### ASSIGNMENT
Output only the lines of the entries that follow, starting at the one with "Mahaalajmi888 الله یسعد" and running down to the one with "aisle runnersAisle Runners", both included and unchanged.
┌─ RECORDED DATA
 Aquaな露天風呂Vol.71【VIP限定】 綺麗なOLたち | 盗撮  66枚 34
└─
┌─ RECORDED DATA
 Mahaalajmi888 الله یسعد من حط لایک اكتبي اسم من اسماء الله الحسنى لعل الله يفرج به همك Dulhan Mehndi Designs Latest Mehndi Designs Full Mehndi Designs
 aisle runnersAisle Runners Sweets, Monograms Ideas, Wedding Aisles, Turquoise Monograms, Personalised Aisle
└─
### EXERCISE RESPONSE
 Mahaalajmi888 الله یسعد من حط لایک اكتبي اسم من اسماء الله الحسنى لعل الله يفرج به همك Dulhan Mehndi Designs Latest Mehndi Designs Full Mehndi Designs
 aisle runnersAisle Runners Sweets, Monograms Ideas, Wedding Aisles, Turquoise Monograms, Personalised Aisle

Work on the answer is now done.